# GOAL OF THE EXERCISE:
Before printing the listing, strip out its pictures and keep everything else exact.

# DATA:
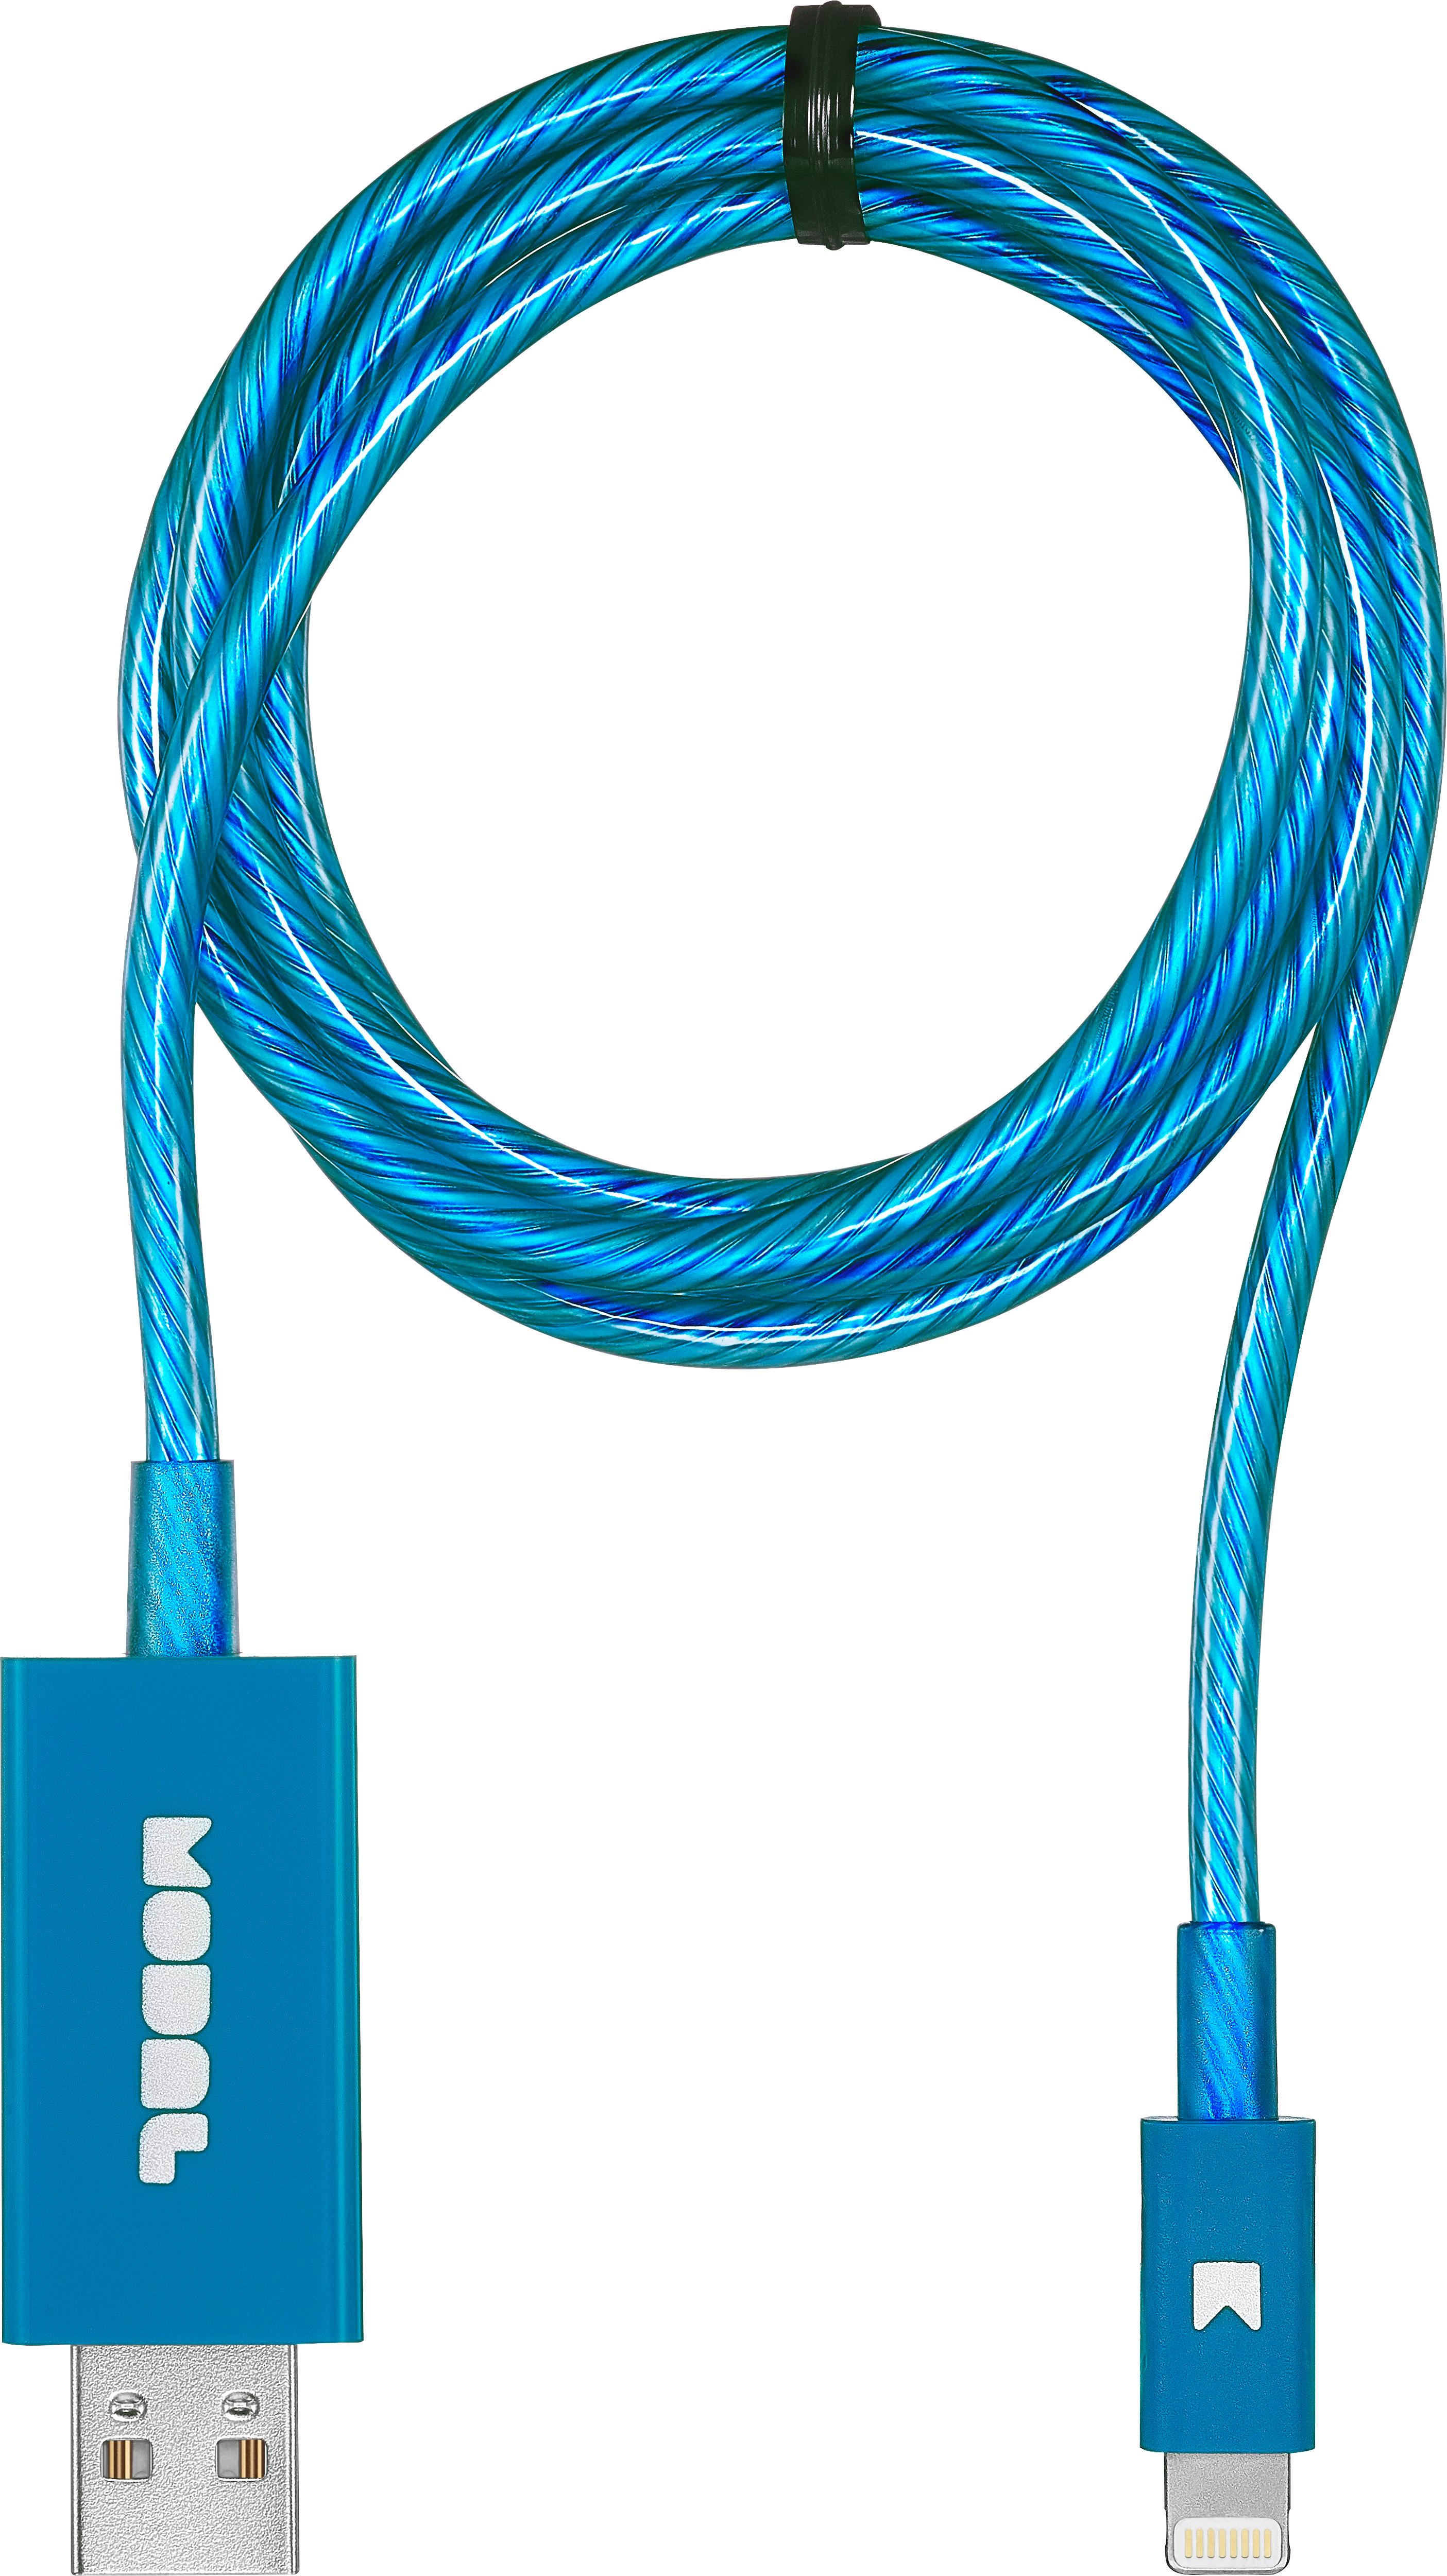 Compre Cable De Carga De Silicona, Cable Usb Lightning Certificado Por Mfi,  Cable De Carga Rápida Tpye-c, Cable Micro Oem Odm 1m-3m y Cable De Carga de  China por 4.41 USD
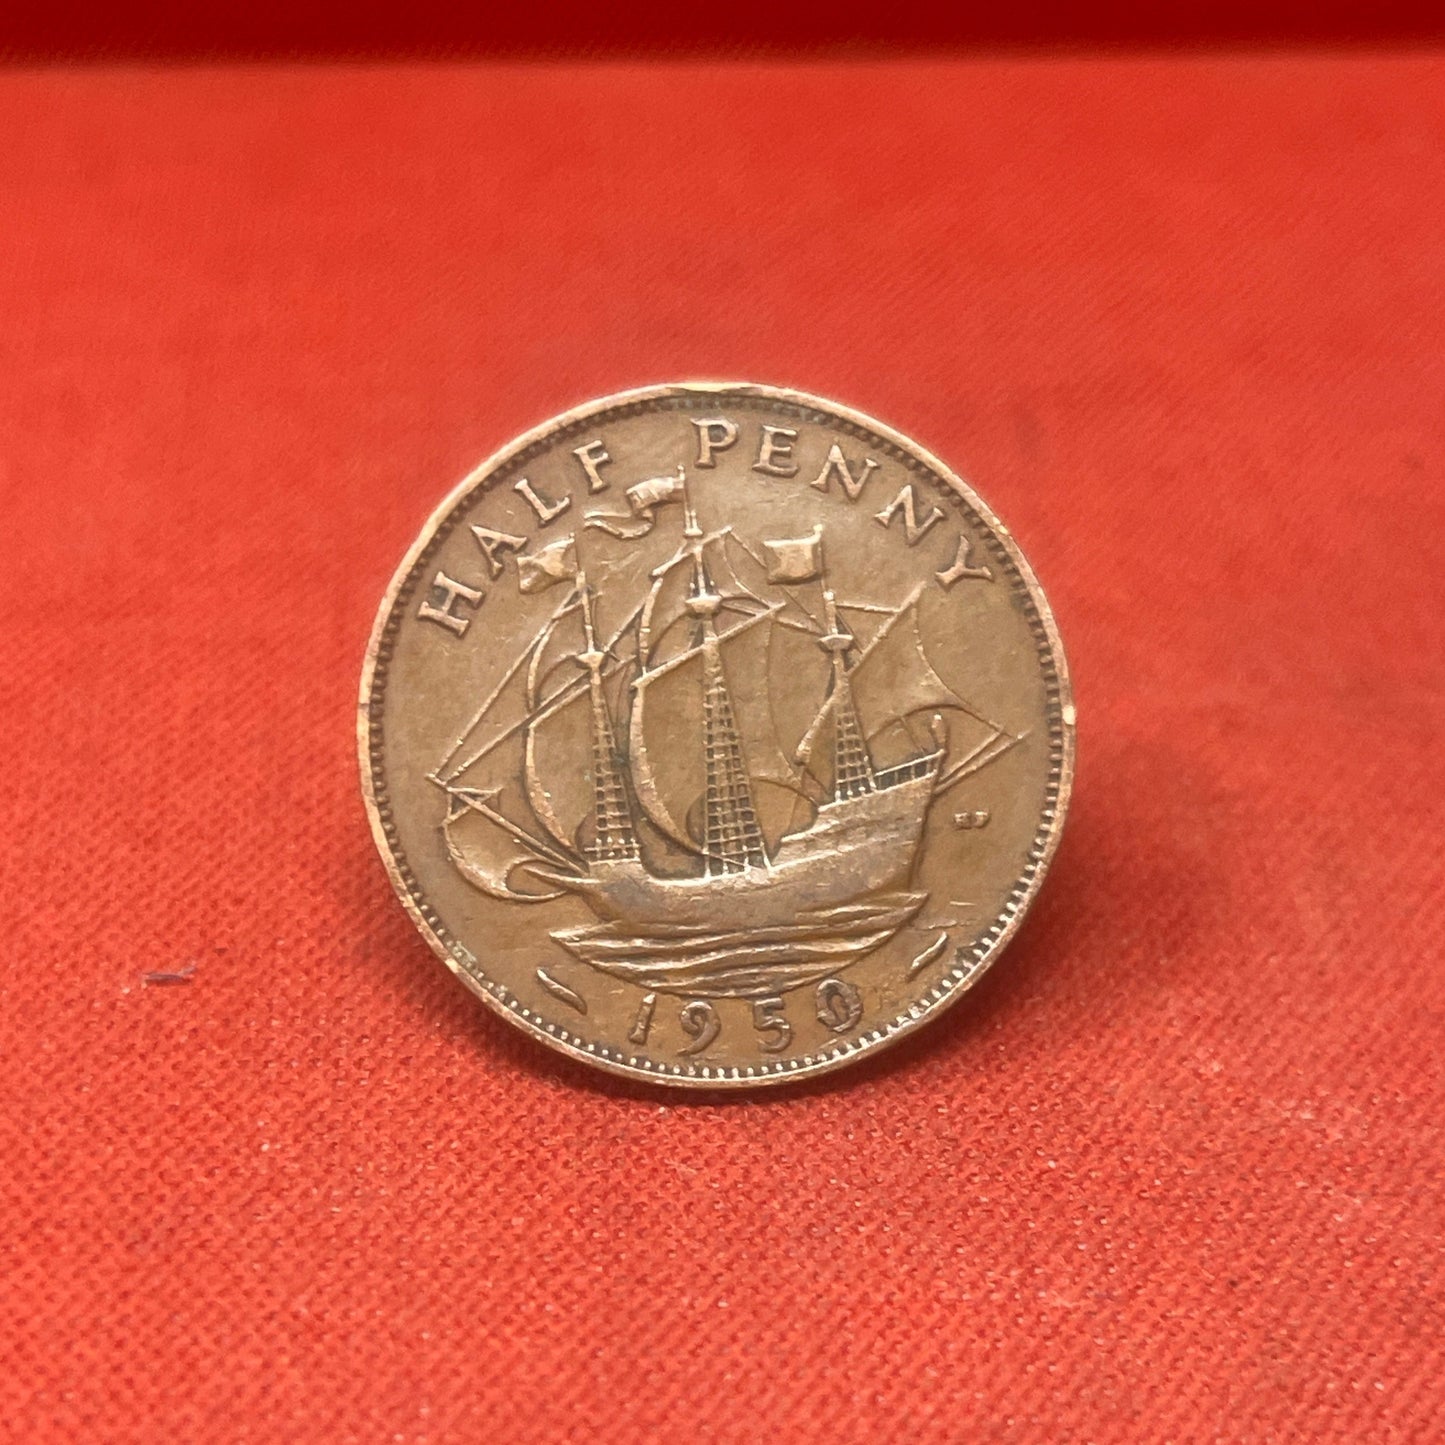 King George VI 1949 Half Penny
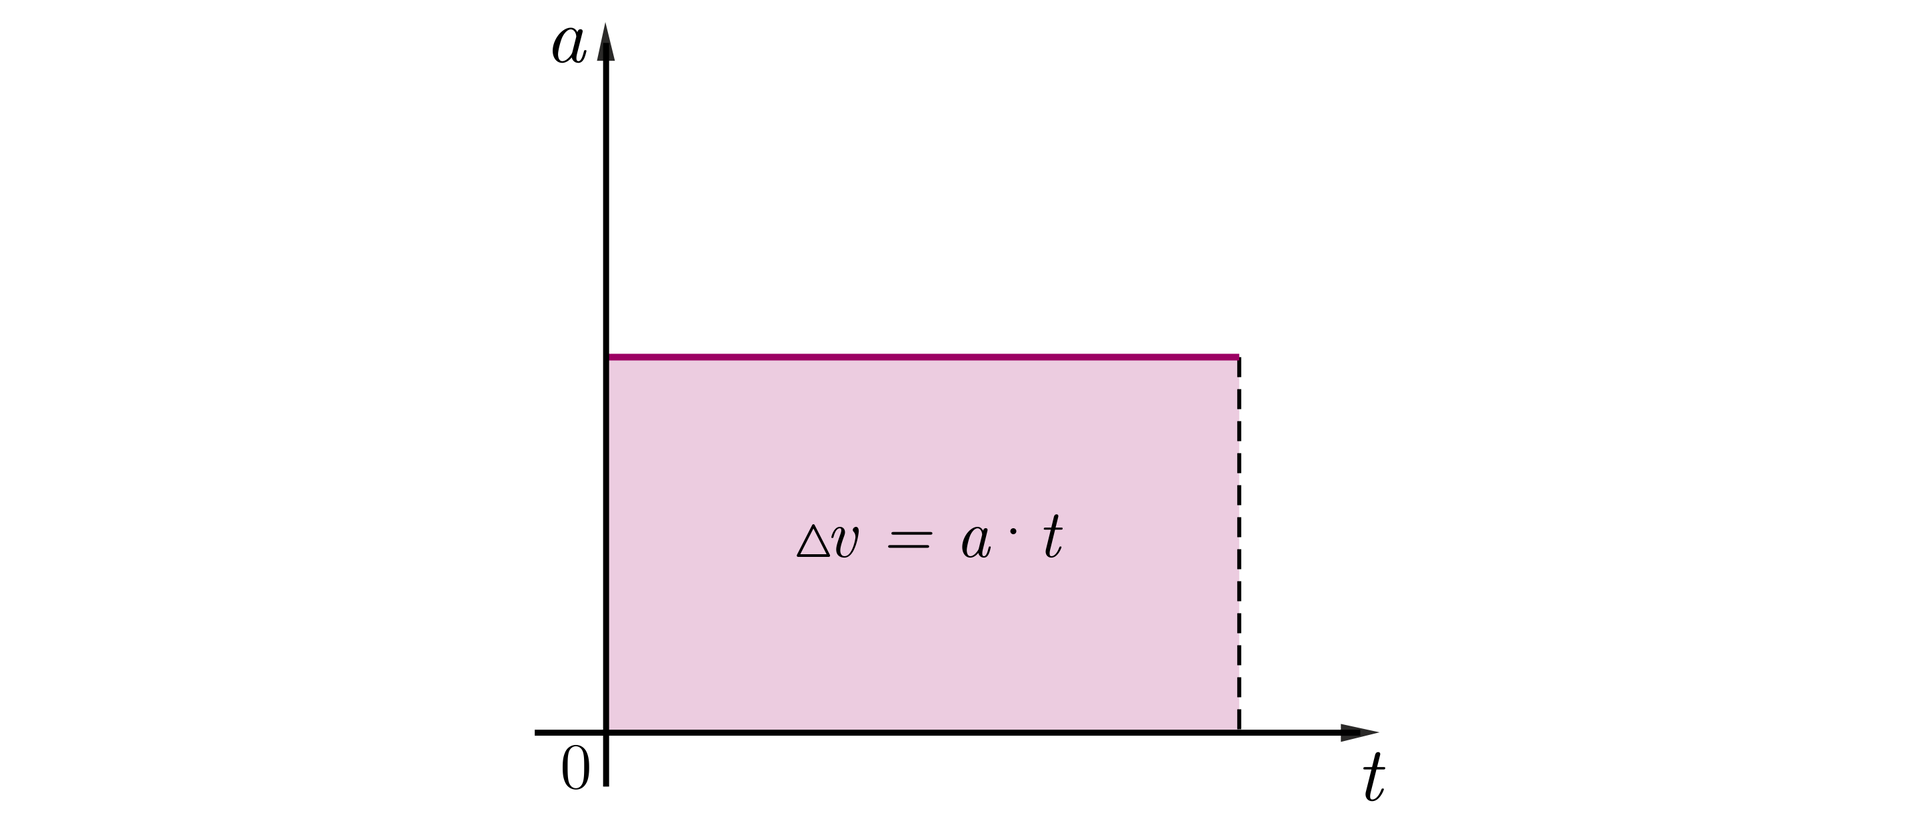 Na rysunku znajduje się układ współrzędnych, oś pozioma oznaczona jako t, oś pionowa jako v. Na pewnej wysokości zaznaczono różowy poziomy odcinek o pewnej długości. Lewy koniec odcinka znajduje się na pionowej osi a. Jest to wykres przyspieszenia od czasu i odcinek ten pokrywa się z prostą będącą wykresem funkcji a od t. Z prawego końca tego odcinka opuszczony jest pionowy odcinek narysowany przerywaną linią. Dolny koniec tego odcinka znajduje się na poziomej osi poziomej. Obszar wyznaczony przez te dwa odcinki oraz osie pionową i poziomą zamalowany jest na kolor różowy i tworzy prostokąt na środku którego zapisano wzór delta v równa się a razy t.

# EXERCISE ANSWER:
 Compre Cable De Carga De Silicona, Cable Usb Lightning Certificado Por Mfi,  Cable De Carga Rápida Tpye-c, Cable Micro Oem Odm 1m-3m y Cable De Carga de  China por 4.41 USD
 King George VI 1949 Half Penny
 Na rysunku znajduje się układ współrzędnych, oś pozioma oznaczona jako t, oś pionowa jako v. Na pewnej wysokości zaznaczono różowy poziomy odcinek o pewnej długości. Lewy koniec odcinka znajduje się na pionowej osi a. Jest to wykres przyspieszenia od czasu i odcinek ten pokrywa się z prostą będącą wykresem funkcji a od t. Z prawego końca tego odcinka opuszczony jest pionowy odcinek narysowany przerywaną linią. Dolny koniec tego odcinka znajduje się na poziomej osi poziomej. Obszar wyznaczony przez te dwa odcinki oraz osie pionową i poziomą zamalowany jest na kolor różowy i tworzy prostokąt na środku którego zapisano wzór delta v równa się a razy t.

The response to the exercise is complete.